Re: [PATCHv2] kexec: disable cpu hotplug until the rebooting cpu is stable

From: Pingfan Liu
Date: Wed Feb 09 2022 - 02:32:00 EST


On Tue, Feb 08, 2022 at 05:33:52PM +0800, Baoquan He wrote:
> On 01/28/22 at 03:41pm, Pingfan Liu wrote:
> > On Thu, Jan 27, 2022 at 05:41:44PM +0800, Baoquan He wrote:
> > Hi Baoquan,
> >
> > Thanks for reviewing, please see comment inlined
> > > Hi Pingfan,
> > >
> > > On 01/27/22 at 05:02pm, Pingfan Liu wrote:
> > > > The following identical code piece appears in both
> > > > migrate_to_reboot_cpu() and smp_shutdown_nonboot_cpus():
> > > >
> > > > if (!cpu_online(primary_cpu))
> > > > primary_cpu = cpumask_first(cpu_online_mask);
> > > >
> > > > This is due to a breakage like the following:
> > > > migrate_to_reboot_cpu();
> > > > cpu_hotplug_enable();
> > > > --> comes a cpu_down(this_cpu) on other cpu
> > > > machine_shutdown();
> > > >
> > > > Although the kexec-reboot task can get through a cpu_down() on its cpu,
> > > > this code looks a little confusing.
> > > >
> > > > Make things straight forward by keeping cpu hotplug disabled until
> > > > smp_shutdown_nonboot_cpus() holds cpu_add_remove_lock.

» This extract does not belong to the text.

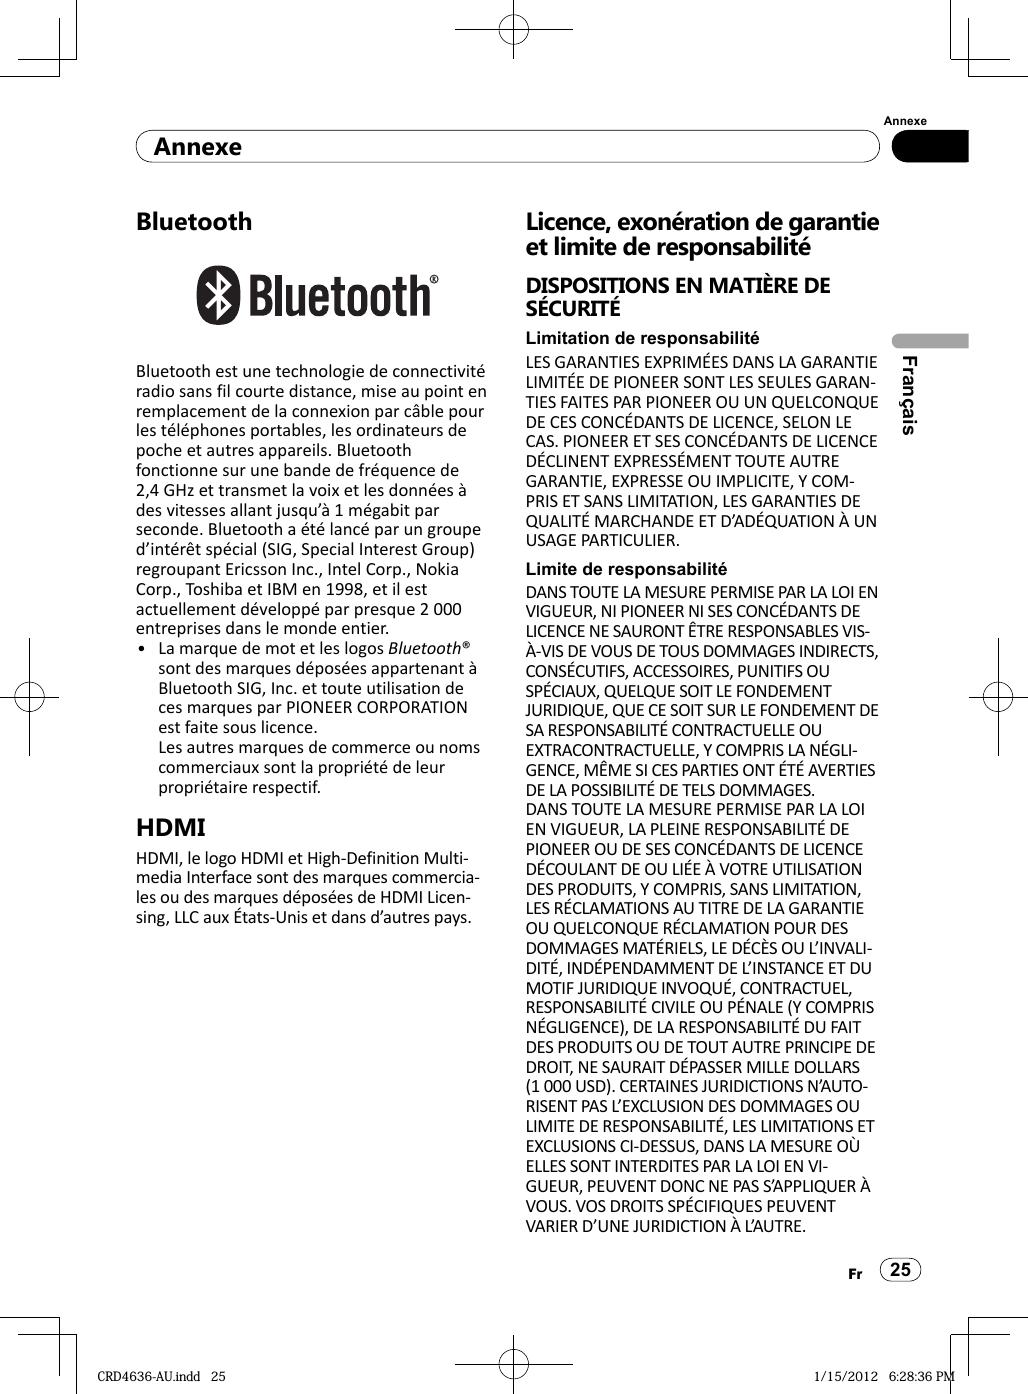 AnnexeAnnexe25FrFrançaisBluetoothBluetooth est une technologie de connectivité radio sans fil courte distance, mise au point en remplacement de la connexion par câble pour les téléphones portables, les ordinateurs de poche et autres appareils. Bluetooth fonctionne sur une bande de fréquence de 2,4 GHz et transmet la voix et les données à des vitesses allant jusqu’à 1 mégabit par seconde. Bluetooth a été lancé par un groupe d’intérêt spécial (SIG, Special Interest Group) regroupant Ericsson Inc., Intel Corp., Nokia Corp., Toshiba et IBM en 1998, et il est actuellement développé par presque 2 000 entreprises dans le monde entier.La marque de mot et les logos Bluetooth® sont des marques déposées appartenant à Bluetooth SIG, Inc. et toute utilisation de ces marques par PIONEER CORPORATION est faite sous licence.Les autres marques de commerce ou noms commerciaux sont la propriété de leur propriétaire respectif.HDMIHDMI, le logo HDMI et High-Definition Multi-media Interface sont des marques commercia-les ou des marques déposées de HDMI Licen-sing, LLC aux États-Unis et dans d’autres pays.•Licence, exonération de garantie et limite de responsabilitéDISPOSITIONS EN MATIÈRE DE SÉCURITÉLimitation de responsabilitéLES GARANTIES EXPRIMÉES DANS LA GARANTIE LIMITÉE DE PIONEER SONT LES SEULES GARAN-TIES FAITES PAR PIONEER OU UN QUELCONQUE DE CES CONCÉDANTS DE LICENCE, SELON LE CAS. PIONEER ET SES CONCÉDANTS DE LICENCE DÉCLINENT EXPRESSÉMENT TOUTE AUTRE GARANTIE, EXPRESSE OU IMPLICITE, Y COM-PRIS ET SANS LIMITATION, LES GARANTIES DE QUALITÉ MARCHANDE ET D’ADÉQUATION À UN USAGE PARTICULIER.Limite de responsabilitéDANS TOUTE LA MESURE PERMISE PAR LA LOI EN VIGUEUR, NI PIONEER NI SES CONCÉDANTS DE LICENCE NE SAURONT ÊTRE RESPONSABLES VIS-À-VIS DE VOUS DE TOUS DOMMAGES INDIRECTS, CONSÉCUTIFS, ACCESSOIRES, PUNITIFS OU SPÉCIAUX, QUELQUE SOIT LE FONDEMENT JURIDIQUE, QUE CE SOIT SUR LE FONDEMENT DE SA RESPONSABILITÉ CONTRACTUELLE OU EXTRACONTRACTUELLE, Y COMPRIS LA NÉGLI-GENCE, MÊME SI CES PARTIES ONT ÉTÉ AVERTIES DE LA POSSIBILITÉ DE TELS DOMMAGES.DANS TOUTE LA MESURE PERMISE PAR LA LOI EN VIGUEUR, LA PLEINE RESPONSABILITÉ DE PIONEER OU DE SES CONCÉDANTS DE LICENCE DÉCOULANT DE OU LIÉE À VOTRE UTILISATION DES PRODUITS, Y COMPRIS, SANS LIMITATION, LES RÉCLAMATIONS AU TITRE DE LA GARANTIE OU QUELCONQUE RÉCLAMATION POUR DES DOMMAGES MATÉRIELS, LE DÉCÈS OU L’INVALI-DITÉ, INDÉPENDAMMENT DE L’INSTANCE ET DU MOTIF JURIDIQUE INVOQUÉ, CONTRACTUEL, RESPONSABILITÉ CIVILE OU PÉNALE (Y COMPRIS NÉGLIGENCE), DE LA RESPONSABILITÉ DU FAIT DES PRODUITS OU DE TOUT AUTRE PRINCIPE DE DROIT, NE SAURAIT DÉPASSER MILLE DOLLARS (1 000 USD). CERTAINES JURIDICTIONS N’AUTO-RISENT PAS L’EXCLUSION DES DOMMAGES OU LIMITE DE RESPONSABILITÉ, LES LIMITATIONS ET EXCLUSIONS CI-DESSUS, DANS LA MESURE OÙ ELLES SONT INTERDITES PAR LA LOI EN VI-GUEUR, PEUVENT DONC NE PAS S’APPLIQUER À VOUS. VOS DROITS SPÉCIFIQUES PEUVENT VARIER D’UNE JURIDICTION À L’AUTRE.CRD4636-AU.indd   25CRD4636-AU.indd   25 1/15/2012   6:28:36 PM1/15/2012   6:28:36 PM

By this way, the
> > > > breakage is squashed out and the rebooting cpu can keep unchanged.
> > >
> > > If I didn't go through code wrongly, you may miss the x86 case.
> > > Several ARCHes do call smp_shutdown_nonboot_cpus() in machine_shutdown()
> > > in kexec reboot code path, while x86 doesn't. If I am right, you may
> > > need reconsider if this patch is needed or need be adjustd.
> > >
> > Citing the code piece in kernel_kexec()
> >
> > migrate_to_reboot_cpu();
> >
> > /*
> > * migrate_to_reboot_cpu() disables CPU hotplug assuming that
> > * no further code needs to use CPU hotplug (which is true in
> > * the reboot case). However, the kexec path depends on using
> > * CPU hotplug again; so re-enable it here.
> > */
> > cpu_hotplug_enable();
> > pr_notice("Starting new kernel\n");
> > machine_shutdown();
> >
> > So maybe it can be considered in such way: "cpu_hotplug_enable()" is not
> > needed by x86 and ppc, so this patch removes it, while re-displace it in
> > a more appropriate place for arm64/riscv ...
>
> OK, so the thing is:
>
> ==
> In the current code of kexec, we disable cpu hotplug and check reboot cpu
> validity in migrate_to_reboot_cpu(), then enable cpu hotplug. Then in
> machine_shutdown()->smp_shutdown_nonboot_cpus(), check the reboot cpu and
> disable cpu hotplug again.
^^^
No, there is no any new call to cpu_hotplug_disable() after
migrate_to_reboot_cpu(). smp_shutdown_nonboot_cpus() just leaves
cpu_hotplug_disabled==0 as it is.
>
> In this patch, it disables cpu hotplug in migrate_to_reboot_cpu() and
> keep it till entering into smp_shutdown_nonboot_cpus() to shutdown all
> other cpu with hotplug mechanism, then disable it again. With this
^^^
Here is enable, i.e. smp_shutdown_nonboot_cpus() makes
cpu_hotplug_disabled switch from 1 to 0, so the following fn can work
|| static int cpu_down_maps_locked(unsigned int cpu, enum cpuhp_state target)
|| {
|| if (cpu_hotplug_disabled)
|| return -EBUSY;
|| return _cpu_down(cpu, 0, target);
|| }

> change, it won't need to double check the reboot cpu validity.
>
> This change only affect ARCHes relying on hotplug to shutdown cpu before
> kexec reboot, e.g arm64, risc-v. Other ARCH like x86 is not affected.

Yes.
> ==
>
> Do I got it right?
>
Here, neither the original code nor this patch has another
cpu_hotplug_disable(), the only change is the shift of cpu_hotplug_enable() to an onwards place.

And I think you should get my idea except this.

Thanks,

Pingfan